The Department of the Prime Minister and Cabinet (PM&C) is an Australian Government public service central department of state with broad ranging responsibilities, primary of which is for intergovernmental and whole of government policy coordination and assisting the prime minister of Australia in managing the Cabinet of Australia. The PM&C was established in 1971 and traces its origins back to the Prime Minister's Department established in 1911.

The role of PM&C is to support the policy agenda of the prime minister and Cabinet through high quality policy advice and the coordination of the implementation of key government programs, to manage Aboriginal and Torres Strait Islander policy and programs and to promote reconciliation, to provide leadership for the Australian Public Service alongside the Australian Public Service Commission, to oversee the honours and symbols of the Commonwealth, to provide support to ceremonies and official visits, and to coordinate national security, regulatory reform, public data, and women's policy.

The department is similar but not analogous to the United States Executive Office of the President, the United Kingdom Cabinet Office, the Canadian Privy Council Office, and the New Zealand Department of the Prime Minister and Cabinet.  As well, the Australian states have their own departments of Premier and Cabinet.

History 

Before 1911, the prime minister had no department of his own as such. The prime minister was concurrently the minister for external affairs, and used the services of the Department of External Affairs.

The Prime Minister's Department was created in July 1911, initially on a small scale compared to other government departments of the day.

On 11 March 1968, Prime Minister John Gorton split off a section of the Prime Minister's Department to form the Department of the Cabinet Office with responsibility to service the Cabinet and the committees of Cabinet.

On 12 March 1971, the Prime Minister's Department was abolished and its functions moved to the new Department of the Prime Minister and Cabinet that combined the functions of the Prime Minister's Department and the Department of the Cabinet Office.
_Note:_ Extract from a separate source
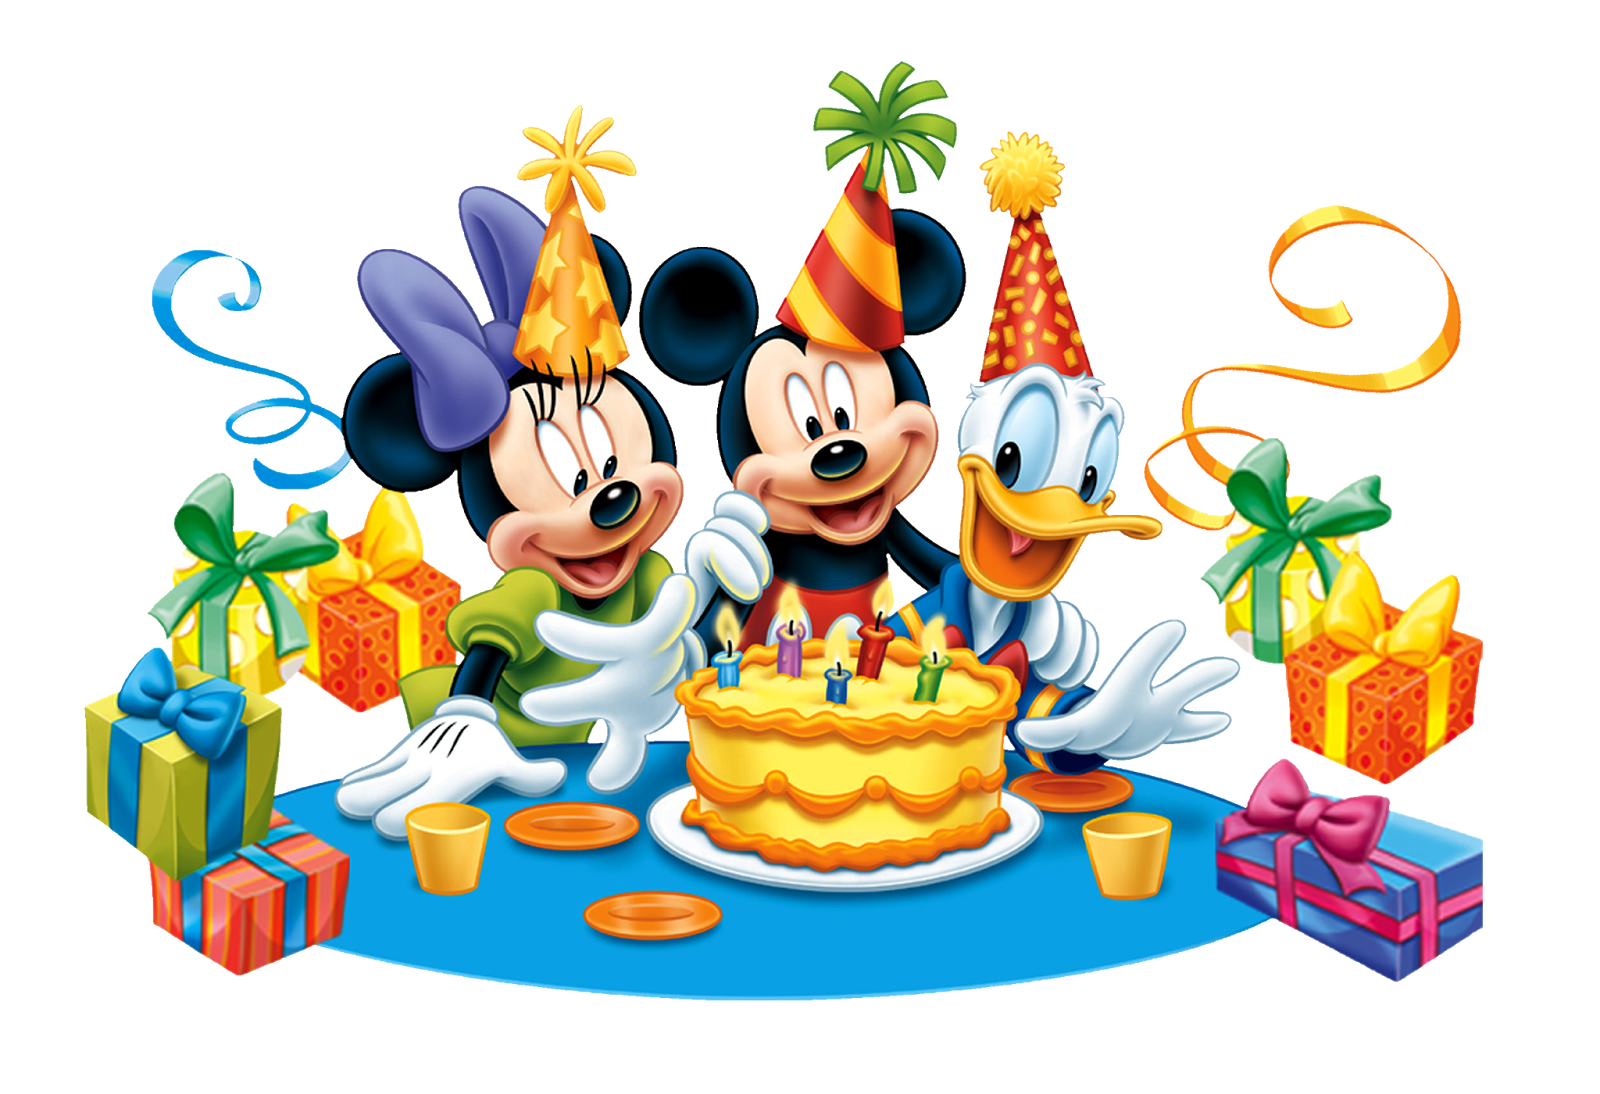 День рождение 27 12. День рождения Микки Мауса (Mickey Mouse Birthday). С днём рождения ребёнку. Картина с днём рождения. Детская открытка с днем рождения.

The Prime Minister of the day, William McMahon, told the media that the former system with separate departments was inefficient.

Portfolio ministers 
The Department of the Prime Minister and Cabinet portfolio includes the following ministers:

 Prime Minister 
 Minister for Indigenous Australians
 Minister for Women 
 Minister Assisting the Prime Minister for the Public Service and Cabinet
 Assistant Minister to the Prime Minister and Cabinet

Secretary of the Department 
The secretary of the Department of the Prime Minister and Cabinet is the head of the department, also known as the secretary of the level of Senior Executive Service Band 4 in the Australian Public Service as per the Public Service Act 1999.

The secretary of the department is the equivalent of the Cabinet Secretary in the United Kingdom or the Clerk of the Privy Council in Canada.

The position of Secretary of the Department of the Prime Minister and Cabinet should not be confused with the position of Cabinet Secretary which has been both a ministerial position within the Cabinet and a political staffer within the Prime Minister's Office.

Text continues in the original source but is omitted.